2 Septembre. — Mercredi, 29 août, la Faculté de Médecine assemblée, M. de L’Épine, l’ancien des douze commissaires nommés pour rendre compte sur le fait de l’inoculation, a lu un Mémoire qui a tenu deux heures et un quart de lecture du texte, non compris les notes qu’il n’a pas eu le temps de reprendre. Ce Mémoire conclut à défendre provisoirement l’inoculation, sauf à l’admettre, si elle se perfectionne par la suite dans les pays étrangers, au point d’être exempte de tous les inconvéniens très-grands qu’il lui reproche. Les commissaires, au nom desquels M. de L’Épine parlait, sont MM. Astruc, Bouvart, Cochu, Baron, Verdelham et Macquart. Mercredi prochain il y aura une assemblée sur le même sujet, pour écouter le Mémoire en faveur de l’inoculation.

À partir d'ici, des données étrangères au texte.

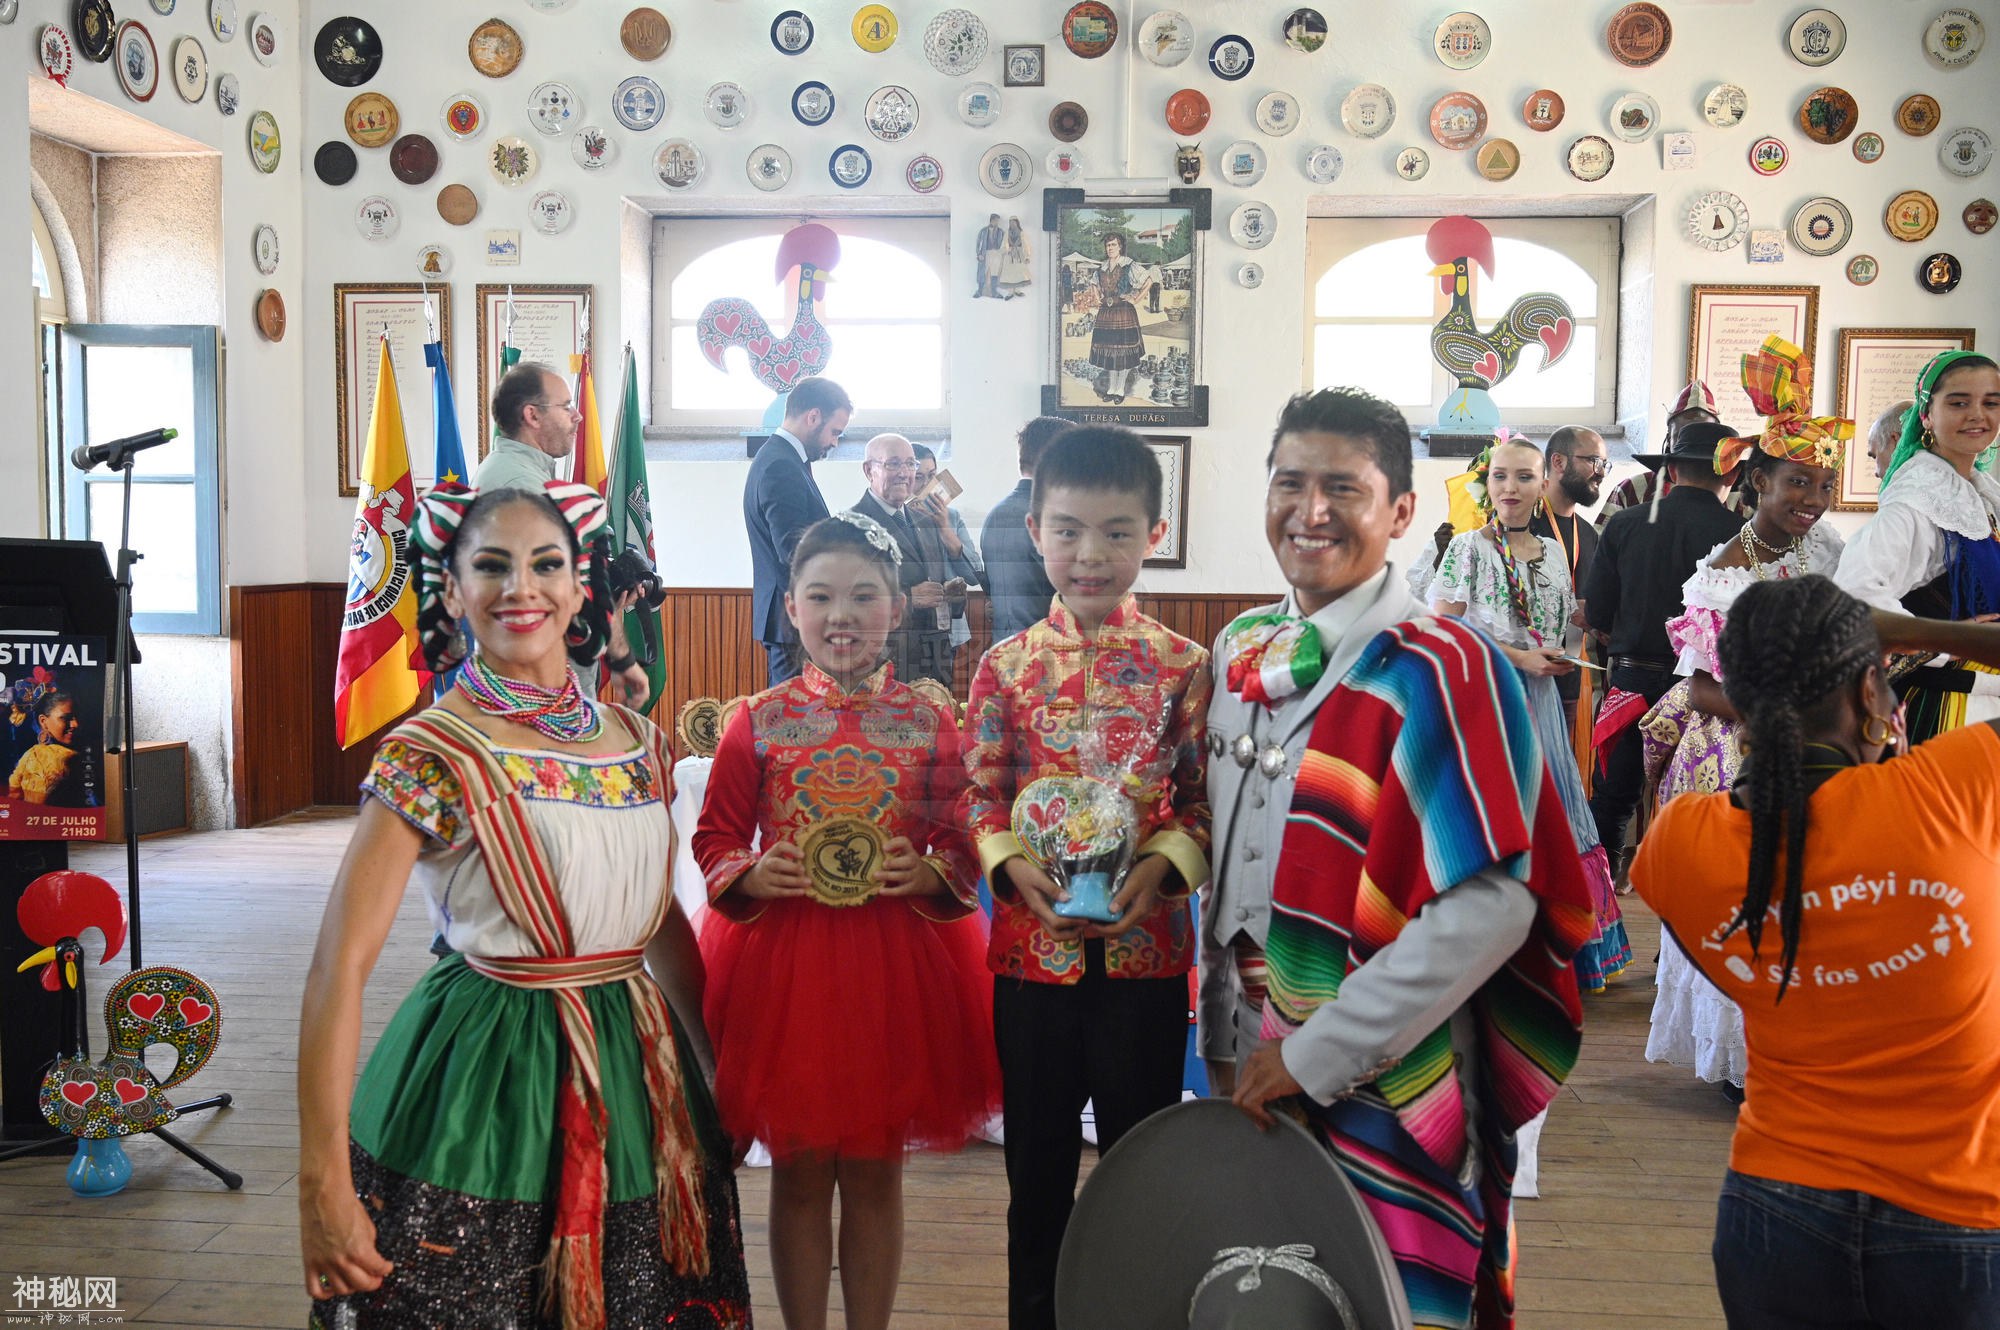 巴塞罗斯国际民俗节 中国民乐首次亮相 杭州这群孩子赚足了眼球-12.jpg

4. — M. le marquis de Paulmi a été élu hier honoraire de l’Académie des Sciences, à la place de feu M. le comte d’Argenson.

— Il paraît un livre, intitulé des Passions[1], qu’on attribue à madame de Boufflers[2]. L’auteur les réduit à deux classes, l’amour et l’ambition. Elle traite la première avec toutes les grâces dont son sexe peut embellir un sujet digne d’elle. Le développement de cette passion dans le cœur d’une jeune personne est rendu d’une façon neuve, avec une touche de pinceau également ingénieuse et sensible.

5. — La Faculté de Médecine s’est assemblée ce matin pour entendre la lecture du Mémoire favorable à l’inoculation. Il a été lu par M. Petit, qu’on appelle communément l’anatomiste. MM. Geoffroy, Lorry, Thiery et Malouart l’avaient signé. La matière mise en délibération, il a été arrêté la tolérance de l’inoculation. Cet avis a passé à la pluralité de cinquante-deux voix contre vingt-cinq.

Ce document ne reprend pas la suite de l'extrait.